Chitotriosidase Das CRISPR-Aktivierungsplasmid (h) ist ein aus drei Plasmiden bestehendes synergistisches Aktivierungsmediator-System (SAM), das für eine hocheffiziente, ortsspezifische transkriptionelle Hochregulation des CHIT1-Lokus in menschlichen Zelllinien entwickelt wurde. Das System basiert auf einem katalytisch inaktiven Cas9 (dCas9), das zwei inaktivierende Mutationen (D10A und N863A) trägt, welche die Nukleaseaktivität eliminieren, während die DNA-Bindung erhalten bleibt. Dieses dCas9 ist mit VP64, einem potenten Transkriptionsaktivator, fusioniert und wird zusammen mit einem Blasticidin-Resistenzgen zur Selektion koexprimiert.

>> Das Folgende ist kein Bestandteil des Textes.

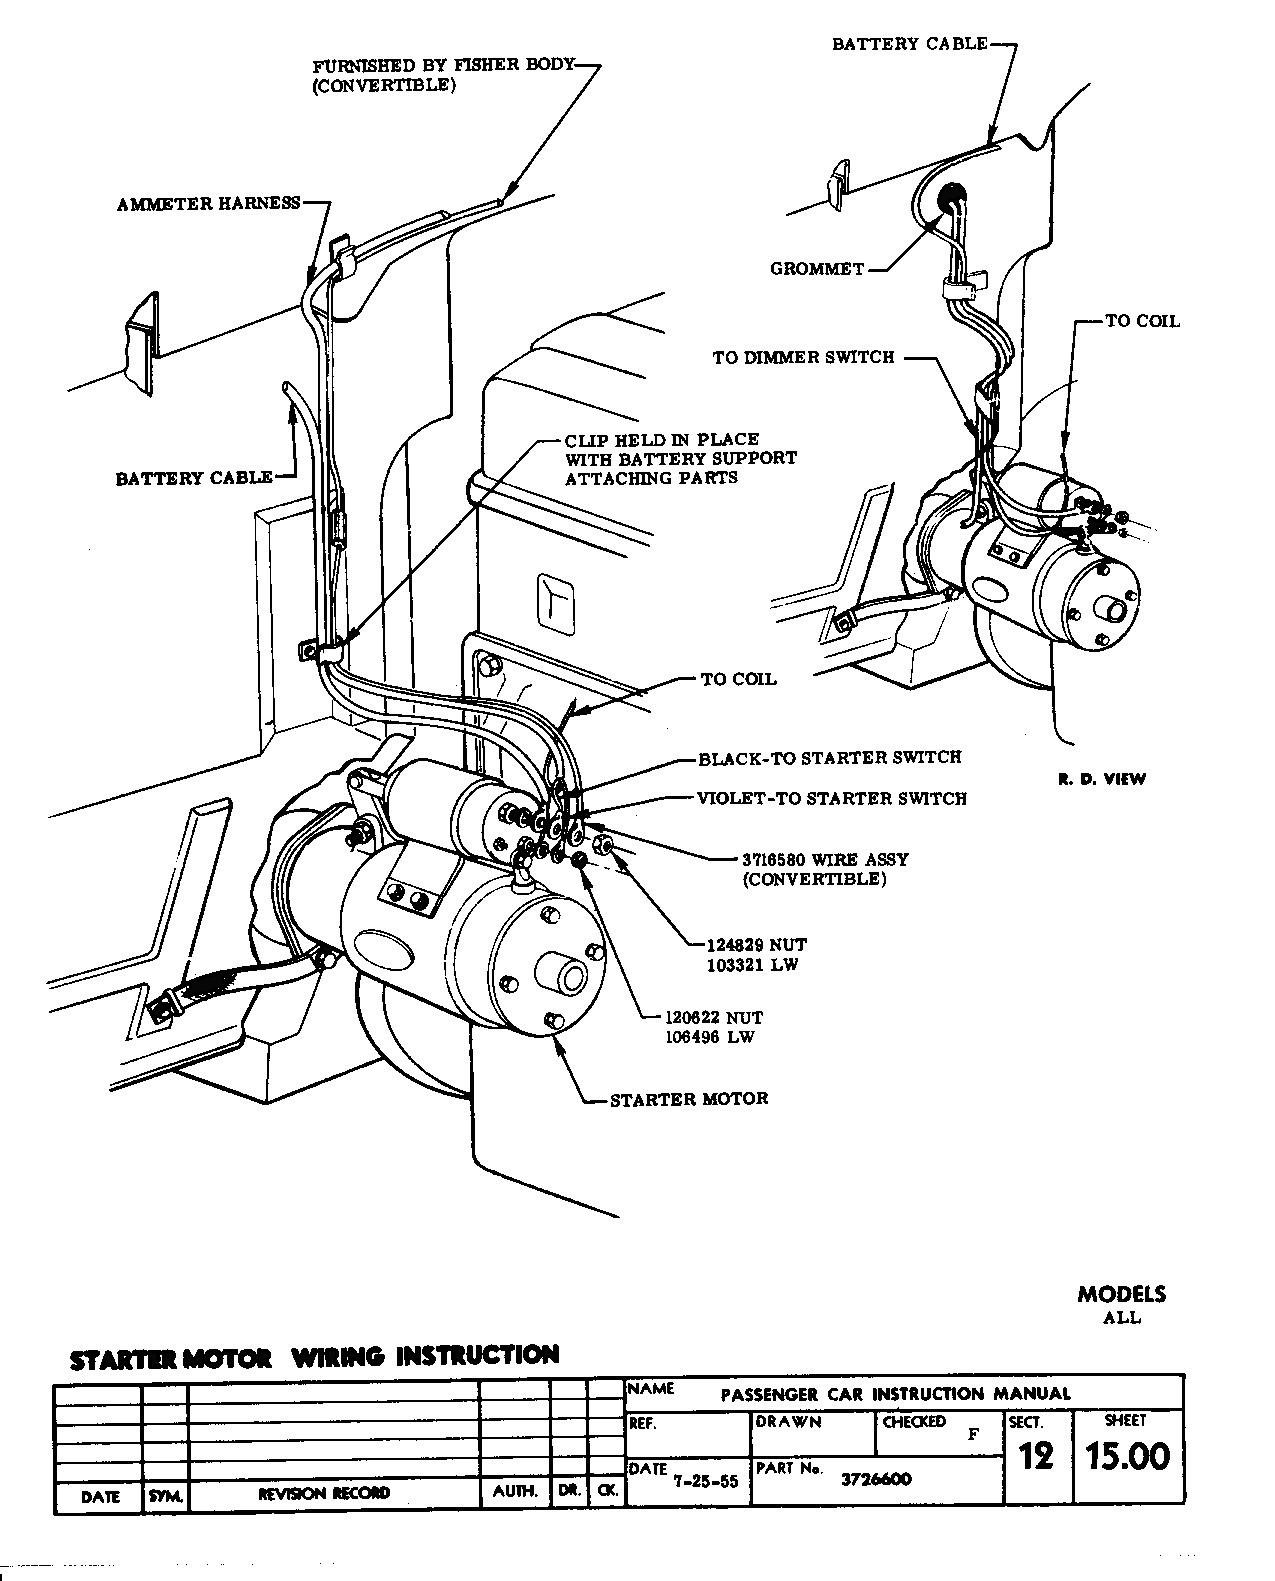 Diagram Mazda Tribute Wiring Diagram Full Version Hd Quality Wiring Diagram Wiringmethodl Nuovarmata It

Das zweite Plasmid kodiert das MS2-p65-HSF1-Fusionsprotein, einen sekundären Aktivatorkomplex, der zusammen mit dCas9-VP64 wirkt, sowie ein Hygromycin-Resistenzgen. Das dritte Plasmid kodiert für eine zielspezifische 20-nt-sgRNA, die an zwei MS2-RNA-Aptamere fusioniert ist, welche den MS2-p65-HSF1-Komplex an die Aktivierungsstelle rekrutieren, begleitet von einem Puromycin-Resistenzgen. Die drei Plasmide werden im Massenverhältnis 1:1:1 verabreicht, um eine ausgewogene Expression aller Systemkomponenten zu gewährleisten.
Nach der Assemblierung am Zielort bindet der SAM-Komplex etwa 200 bp stromaufwärts der CHIT1-Transkriptionsstartstelle, wo VP64, p65 und HSF1 gemeinsam die Transkriptionsmaschinerie rekrutieren und die Hochregulation der endogenen Chitotriosidase-Expression vorantreiben. Im Gegensatz zu nukleaseaktivem Cas9 verursacht dCas9 keine Doppelstrangbrüche und verändert die genomische Sequenz nicht, wodurch der native CHIT1-Locus erhalten bleibt und die Untersuchung von Chitotriosidase-abhängigen Transkriptionsreaktionen am endogenen Locus ermöglicht wird. Dies macht es zu einem wertvollen Werkzeug für Funktionsstudien, die Identifizierung von Zielgenen und die Modellierung der Wiederherstellung des Chitotriosidase-Signalwegs in Tumorzellen mit stillgelegtem oder reduziertem CHIT1-Ausdruck.
Nur für Forschungszwecke. Nicht für diagnostische oder therapeutische Zwecke bestimmt.